La Switch 2, symbole d'une ère où les lancements de consoles ont perdu leur magie
Je n'oublierai jamais l'excitation insupportable que j'ai ressentie ce matin de mes 7 ans. Nous étions en 1998, et Pokémon était le phénomène mondial, surtout pour un écolier comme moi. Problème : je ne possédais ni carte ni jeu, et surtout pas de Game Boy. C'était le seul cadeau que j'avais demandé, et je savais que je l'aurais. Je me souviens avoir passé la moitié de la nuit éveillé, incapable de dormir, imaginant ce à quoi ressemblerait le jeu. Au petit matin, j'entendais mes parents et ma sœur préparer les décorations en bas. C'était un jour d'école, mais ils ont accepté que j'ouvre un cadeau avant de partir : une Game Boy neuve et Pokémon Bleu. J'ai vécu des moments similaires avec ma N64, ma PS2 et même ma Xbox 360. À chaque fois, l'excitation était différente mais tout aussi intense. Je n'ai plus ressenti cela depuis la Switch originale. Aujourd'hui, après avoir testé la Switch 2 que j'apprécie beaucoup, je comprends pourquoi.
Ma première réaction a été de mettre ce manque d'enthousiasme sur le compte de mon âge. Je suis un adulte dont le métier est de parler de jeux vidéo, il est normal que la magie s'estompe. Mais après un mois avec la Switch 2, j'ai réalisé qu'il y avait autre chose. Pour la première fois depuis le passage de la NES à la SNES, Nintendo propose une console qui est littéralement une suite. La Wii et la Wii U avaient des différences fondamentales. La Switch 2, elle, est simplement une Switch plus puissante. Certes, il y a quelques ajouts sympathiques comme les contrôles souris et la caméra, mais Nintendo ne prend pas de risque créatif. Même interface, des jeux Switch améliorés, un design légèrement retravaillé... Rien de mal en soi, mais cela explique pourquoi j'oublie souvent que je joue sur une nouvelle console.

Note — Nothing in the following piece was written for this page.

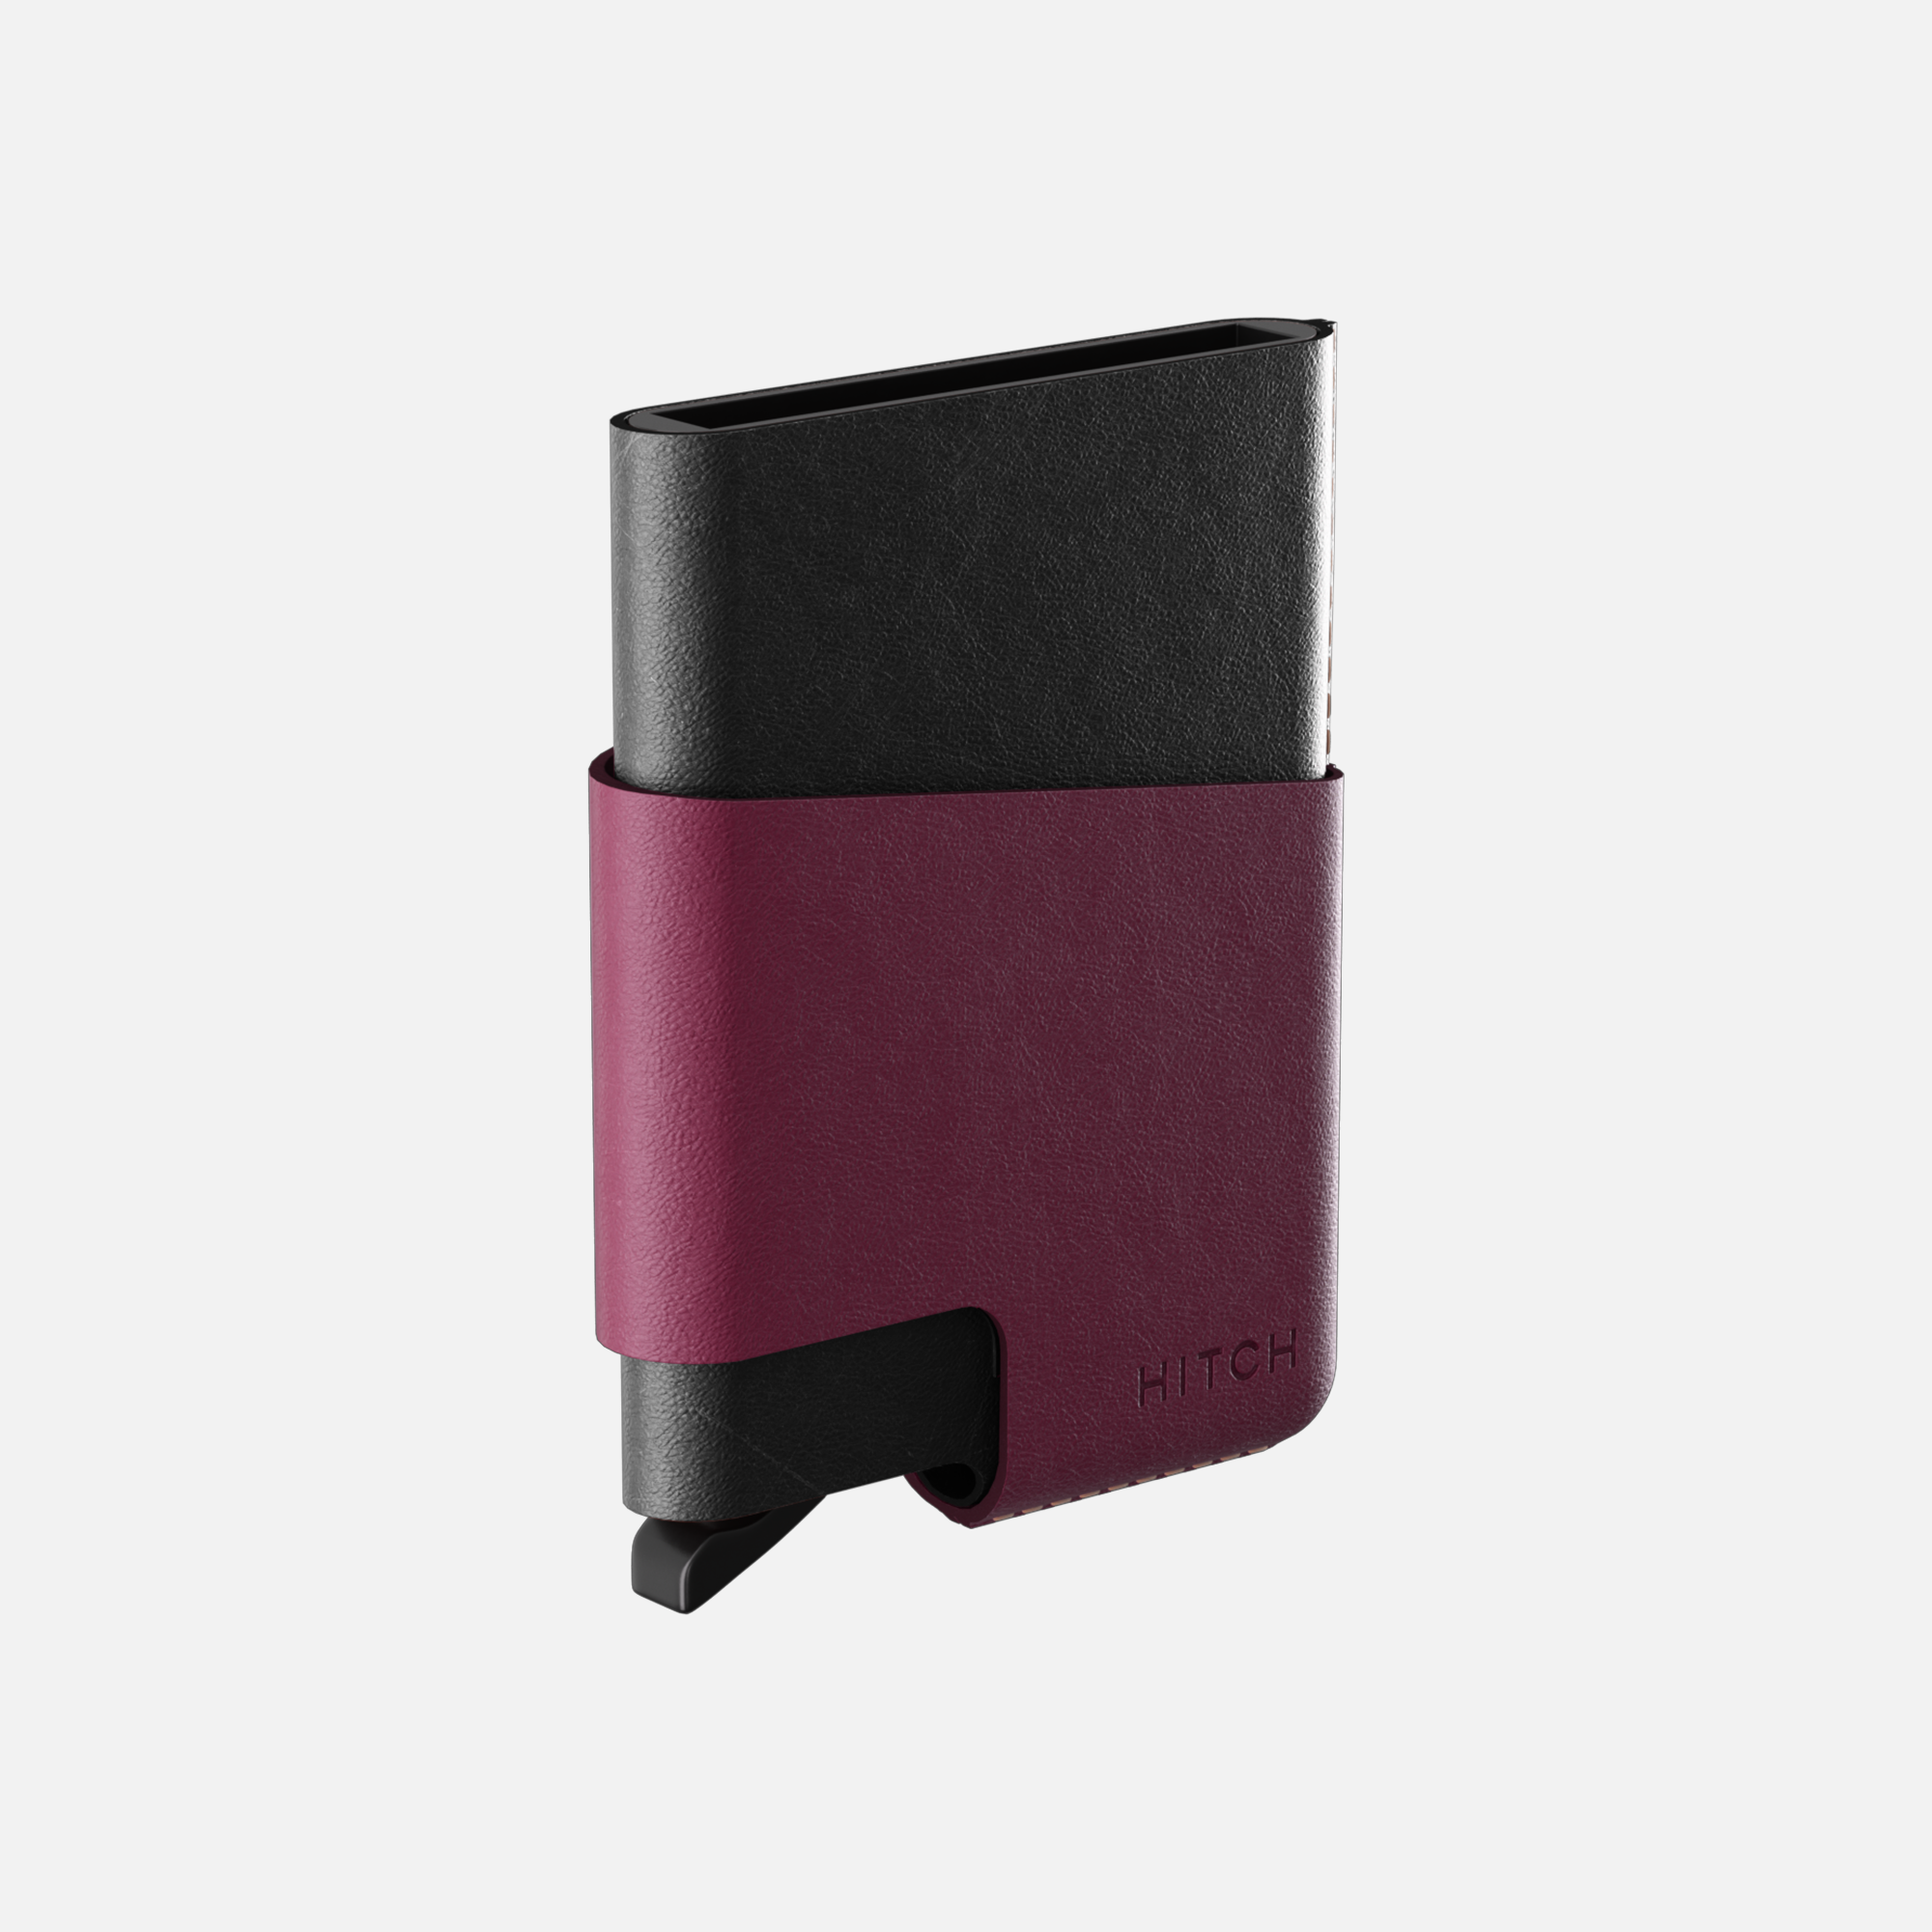 Black and burgundy Hitch wallet displayed on a white background.
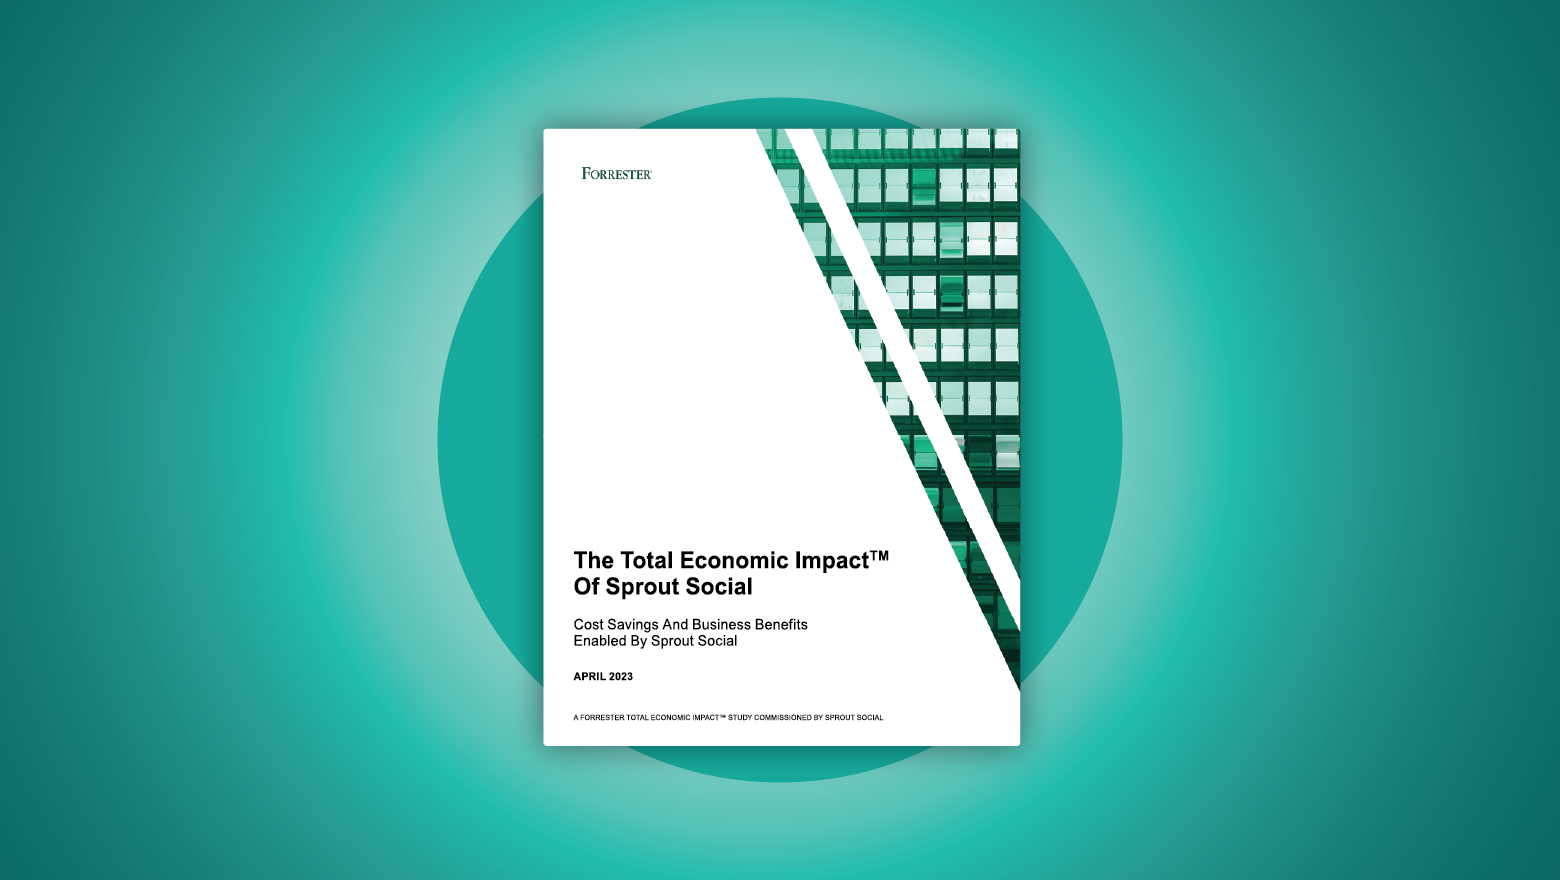 Forrester Study: The Total Economic Impact™ of Sprout Social

Avec des améliorations graphiques minimes et la multitude de jeux cross-gen, difficile de retrouver l'excitation des générations passées. Mes souvenirs des premières heures avec la Game Boy ou la PS2 restent gravés parce que ces consoles étaient radicalement nouvelles. Nous sommes désormais dans l'ère des mises à jour à la PC, sans véritable sentiment de nouveauté. Cela me rappelle une citation souvent attribuée à Henry Ford : "Si j'avais demandé aux gens ce qu'ils voulaient, ils auraient répondu des chevaux plus rapides". Nous disons tous vouloir la même chose, mais en mieux - des chevaux plus rapides - et c'est exactement ce que nous obtenons. C'est bien, mais un cheval plus rapide n'est pas aussi excitant qu'une voiture.
Je sais que la nostalgie joue un rôle dans ce sentiment. Comme pour les vieux jeux, nous idéalisons nos souvenirs de consoles neuves. Je n'aurai plus jamais 7 ans, dans la maison de mon enfance, jouant à Pokémon avant l'école sans aucun souci. Je ne pourrai plus sécher les cours pour jouer à Kingdom Hearts toute la journée sur ma nouvelle PS2. Mais je crois qu'il y a une vraie perte quand toutes les nouvelles consoles, même chez Nintendo, jouent la sécurité : même manette, même interface, peu d'exclusivités, des améliorations graphiques mineures. D'un point de vue commercial, c'est logique. Mais je déplore le fait de ne plus pouvoir créer des souvenirs aussi puissants.